Clinton's Budget To Feature Billions In Middle-Class Breaks
Money All The Talk On Weekly Talk Circuit
WASHINGTON (AllPolitics, Feb. 2) -- President Clinton will roll out a budget this week with $98 billion in tax cuts and the goal of a balanced bottom line by 2002, administration officials said today.
The tax cuts are designed to encourage education and home ownership, said Franklin Raines, director of the Office of Management and Budget.
"It's going to be a very targeted tax cut program that I think is going to make a meaningful difference for American families," Raines told NBC's "Meet the Press" program.
The proposals would include a $1,500 tax credit for college tuition and an extension of the capital gains tax exclusion on home sales to $500,000 per couple, Raines said.
Treasury Secretary Robert Rubin had the message to deliver.
"It focuses predominately on middle income tax cuts for education, and for child care and for savings," Rubin said on ABC's "This Week."
Administration officials have indicated the tax cuts would be partly offset by about $80 billion in revenues, including restoring an expired airport excise tax and closing corporate tax loopholes.
The real test of the president's fiscal 1998 budget, covering the year beginning Oct. 1, comes Thursday, when Clinton sends his proposal to Congress.
Republican leaders made accommodating noises.
"We're going to take the president's submission as a serious proposal, and we're going to see where we can go and how we can work with the White House and the Democrats," House Majority Leader Richard Armey (R-Texas) said on CNN's "Late Edition." (128K/10 sec.
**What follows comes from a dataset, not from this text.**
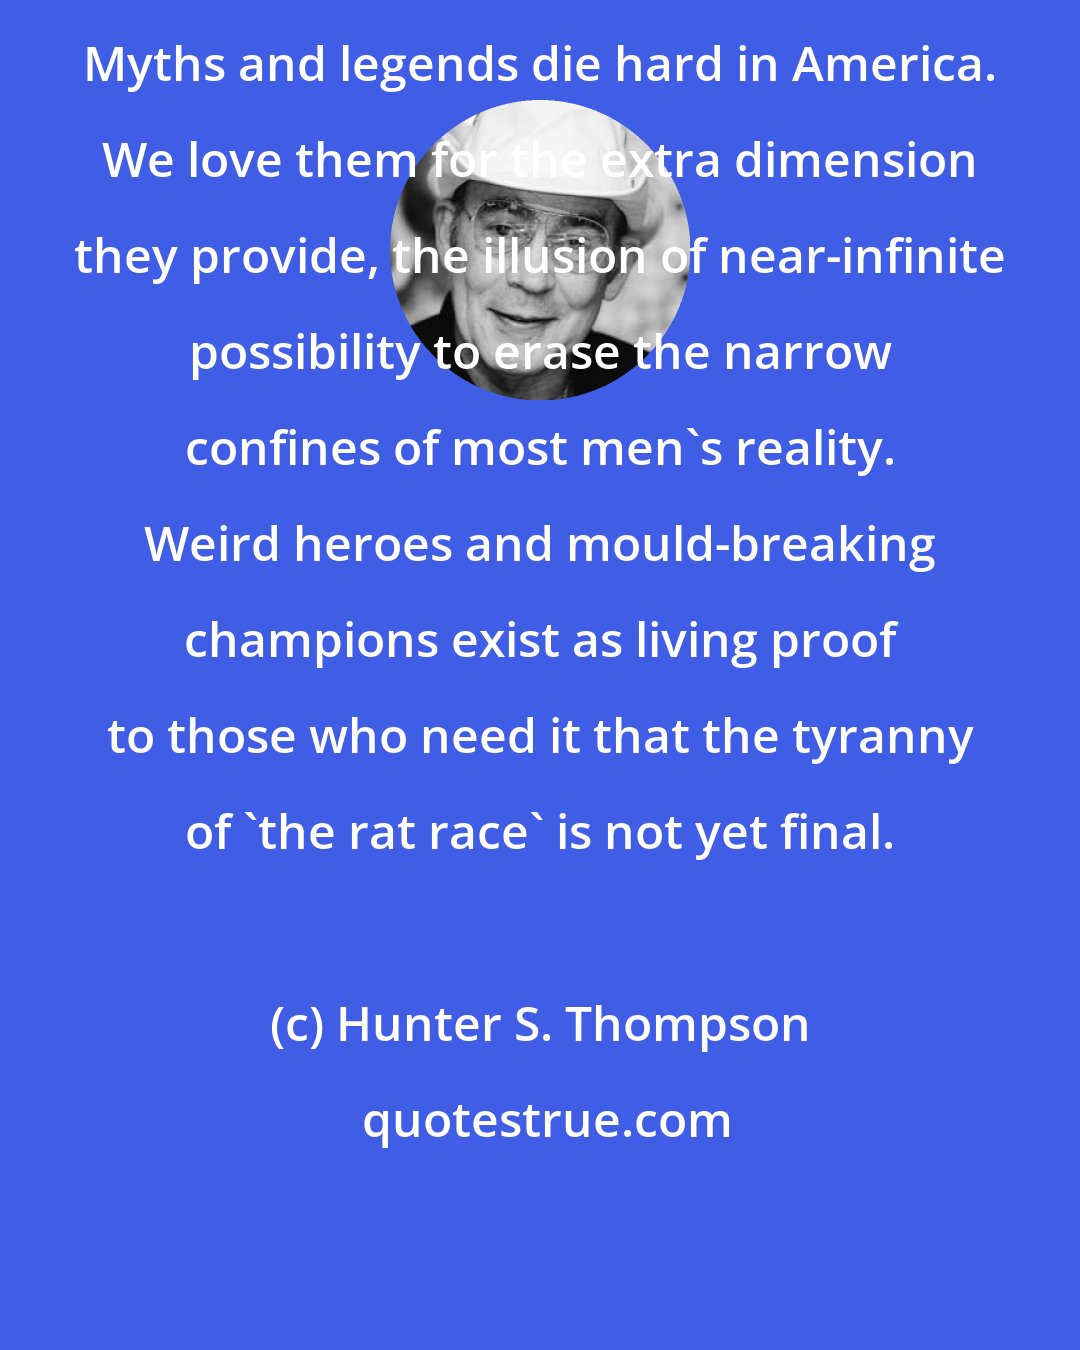 Hunter S. Thompson: Myths and legends die hard in America. We love them for the extra dimension they provide, the illusion of near-infinite possibility to erase the narrow confines of most men's reality. Weird heroes and mould-breaking champions exist as living proof to those who need it that the tyranny of 'the rat race' is not yet final.

AIFF or WAV sound)
Sen. Pete Domenici (R-N.M.) indicated Republicans were willing to work with the White House.
"We ought to accept it as a major effort on the part of the president and say to the American people that we are willing to work from it," Domenici said after appearing on NBC.
Balanced Budget Amendment Jitters
On a related front, the proposed balanced budget amendment, an idea enjoying renewed life in Congress, still appears far from a done deal despite Republican optimism.
"I think that we have an excellent chance of passing a constitutional amendment to a balanced budget," said Senate Majority Leader Trent Lott. "I think we need it to actually get a balanced budget."
House Minority Leader Richard Gephardt was more measured.
"I think if you get an amendment that exempts those two things, Social Security and a capital budget, you have an amendment that is workable," Gephardt said. "That will not be harmful in case you get into a recession."
Raines, in turn, came out against requiring a balanced budget by law, which could limit the government's ability to respond to financial gyrations.
"We think that it's unwise to put into the constitution a mechanism that enshrines for all time a particular way of measuring the budget," Raines said.
About That Welfare Reform
Facing opposition by Republican governors to suggested adjustments to the landmark welfare reform passed last year, White House Chief of Staff Erskine Bowles defended President Clinton's position.
Bowles, after addressing the National Governors' Association, said the White House wanted to restore some welfare benefits to legal immigrants, but conceded that may be difficult.
"He was very clear when he decided there were three basic areas where felt there needed to be some change," Bowles said. "First in the area of legal immigrants, second in the area of food stamps and third to give the governors some more flexibility."
Lott argued for a wait-and-see approach.
The Democratic governors advocating reform may have their work cut out for them. Even Gephardt counseled caution.
"I think now that it's passed, we need to let it go into being and then see the problems and then try to fix them," Gephardt said.
The governors, attending their conference in Washington, have separate meetings Monday with Clinton and Lott.
Correspondent Anthony Collings contributed to this report.